US jobless rate falls to lowest level in nearly four years
THE US jobless rate has fallen to 7.8 per cent, the lowest level in nearly four years, the department of labour announced yesterday.
No US president since Franklin D Roosevelt has been re-elected with unemployment above 8 per cent. Joblessness had not descended below that level since January 2009, and commentators have long said it was the greatest impediment to President Barack Obama’s re-election.
Unemployment stood at 8.1 per cent in August. The work force grew by 114,000 jobs in September. Figures for July and August were also revised upward, showing that 86,000 more jobs were created in those months than previously reported.
“Today’s report provides further evidence that the US economy is continuing to heal from the wounds inflicted by the worst downturn since the Great Depression,” Alan Kruger, chairman of Mr Obama’s council of economic advisers, said in a statement.
The news comes at a fortuitous time for Mr Obama, two days after he was defeated by the Republican challenger, Mitt Romney, in their first debate.
Addressing a rally at George Mason University in Virginia yesterday, Mr Obama called the news “a reminder that this country has come too far to turn back now”.
But the Romney campaign reiterated its criticism of Mr Obama’s handling of the economy.
“This is not what a real recovery looks like,” Mr Romney said in a statement.
Vice-presidential candidate Paul Ryan called the report “a sad indictment of the diminished expectations under President Obama”, saying that the number of jobs added were “well below what is needed for America to meet its economic potential . . . We should not have to settle for this new normal.”
A Reuters/Ipsos poll taken after the Romney-Ryan debate showed that while Mr Romney benefited from his strong performance, Mr Obama was not hurt.
For the first time, Mr Romney surpassed the halfway mark in favourability, with a 51 per cent rating.
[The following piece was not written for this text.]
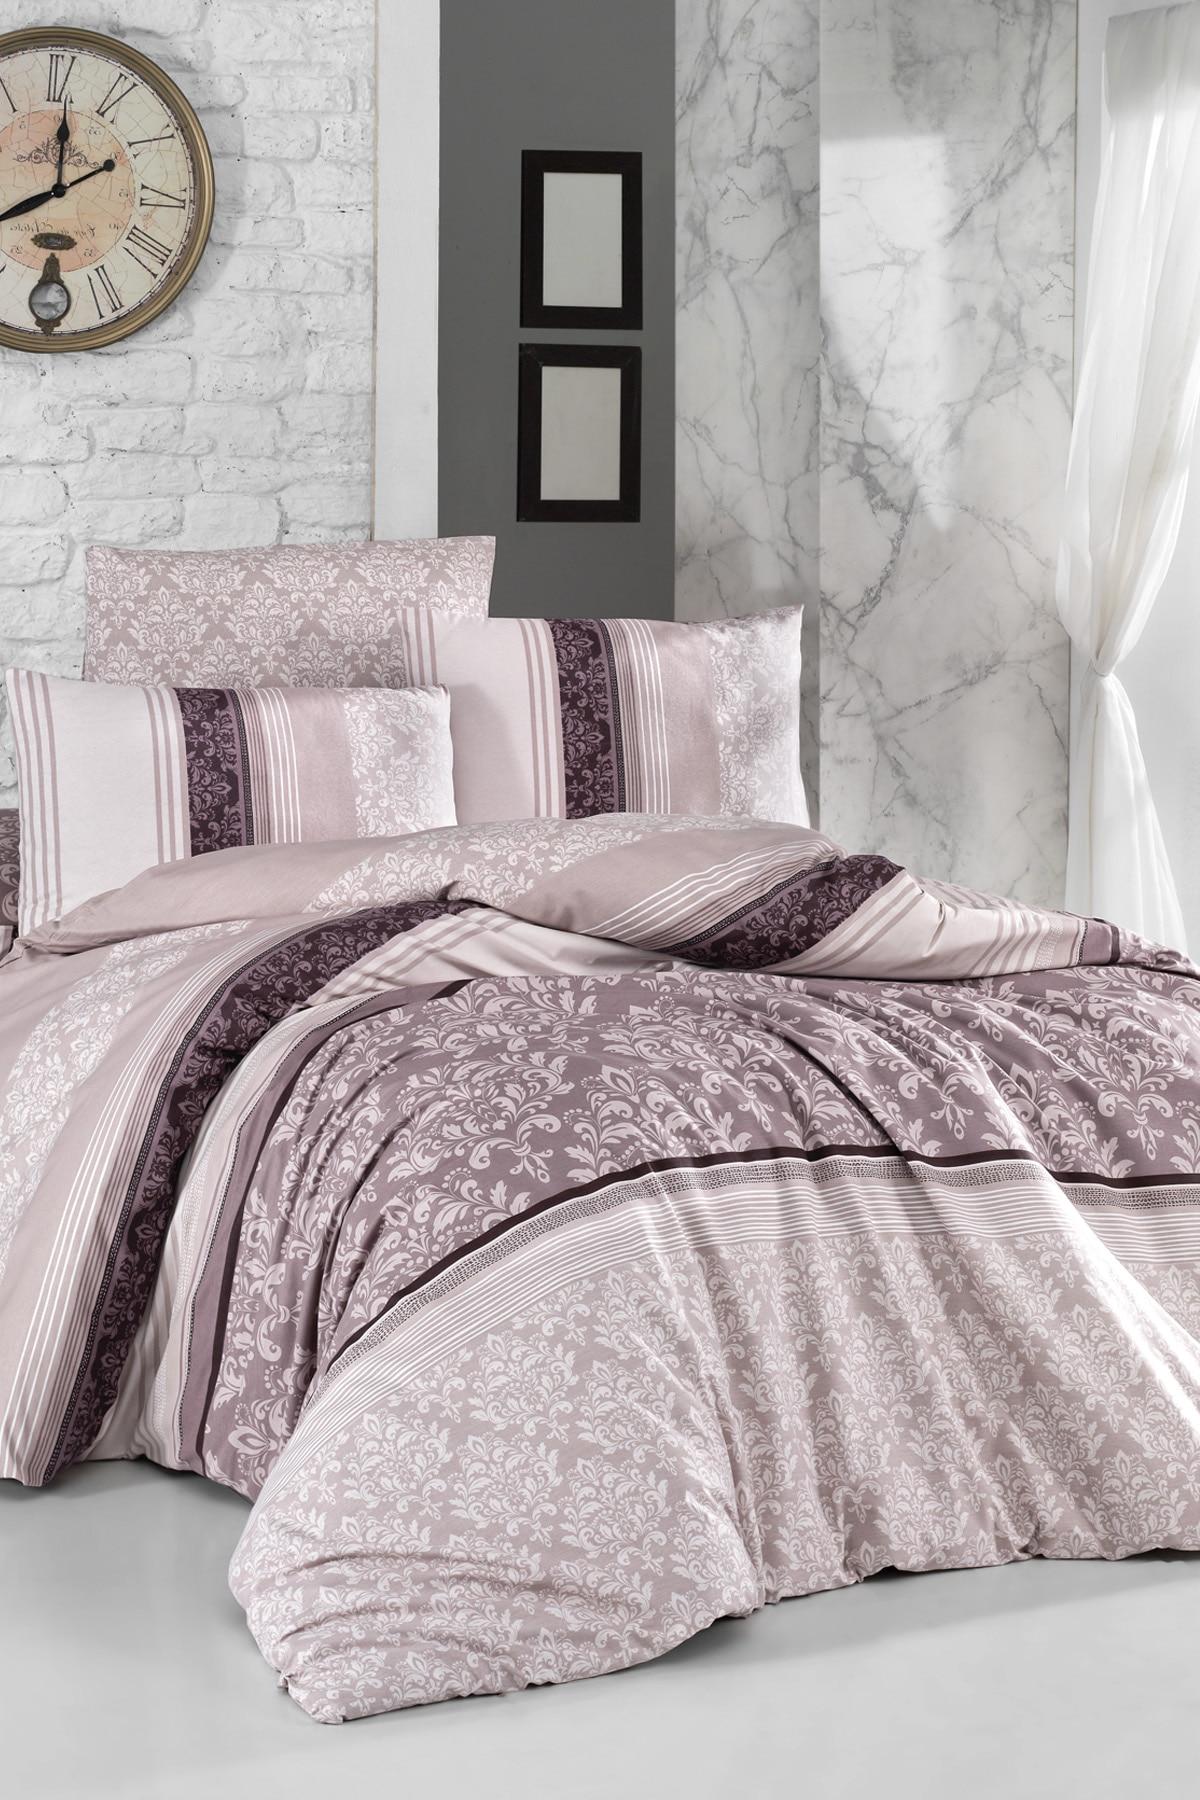 Lady Moda Bed Linen Set Aura Luxury Ranforce Bedding Set Twin/Full/Queen/King Size 3/4/5 Pcs Duvet Cover Set From Turkey

Mr Obama’s favourability remains unchanged, at 56 per cent. Twenty-seven per cent of respondents said the debate made them see Mr Romney more favourably, while 54 per cent said it did not change their opinion of Mr Obama.
Overall, the poll found Mr Obama to be five points ahead of Mr Romney, at 48 to 43 per cent.
One of the most surprising things about the debate was that Mr Romney’s “47 per cent video” did not come up.
Mr Romney had told a private fundraising dinner that 47 per cent of Americans do not pay federal income tax, “feel entitled” and would never vote for him. Polls showed the video hurt voters’ perceptions of Mr Romney.
There was speculation that Mr Obama did not mention the video in the debate because it would have given Mr Romney the opportunity to mitigate ill effects before the greatest possible television audience. David Plouffe, an Obama adviser, said the comments were already “backed into the cake” of the American electorate.
Sean Hannity of Fox News asked Mr Romney on Thursday night what he would have said if the topic had been raised. Mr Romney had earlier claimed he’d spoken inelegantly.
“Well, clearly in a campaign with hundreds if not thousands of speeches and question and answer sessions, now and then you are going to say something that doesn’t come out right,” Mr Romney said. “In this case, I said something that was just completely wrong.”
Mr Romney said the gap between rich and poor had grown under Mr Obama, and that the rich “will probably do fine if he is re-elected”. The Republican professed concern for the middle class and the poor.
“I want the poor to get into the middle class. So many have fallen into poverty by virtue of his policies,” he continued. “So for me this is about the 100 per cent.”
Mr Obama devoted much of yesterday’s rally in Virginia to women’s issues, which he neglected on Wednesday night. Republicans “want to take us back to the policies of the 1950s” regarding women’s healthcare, he said.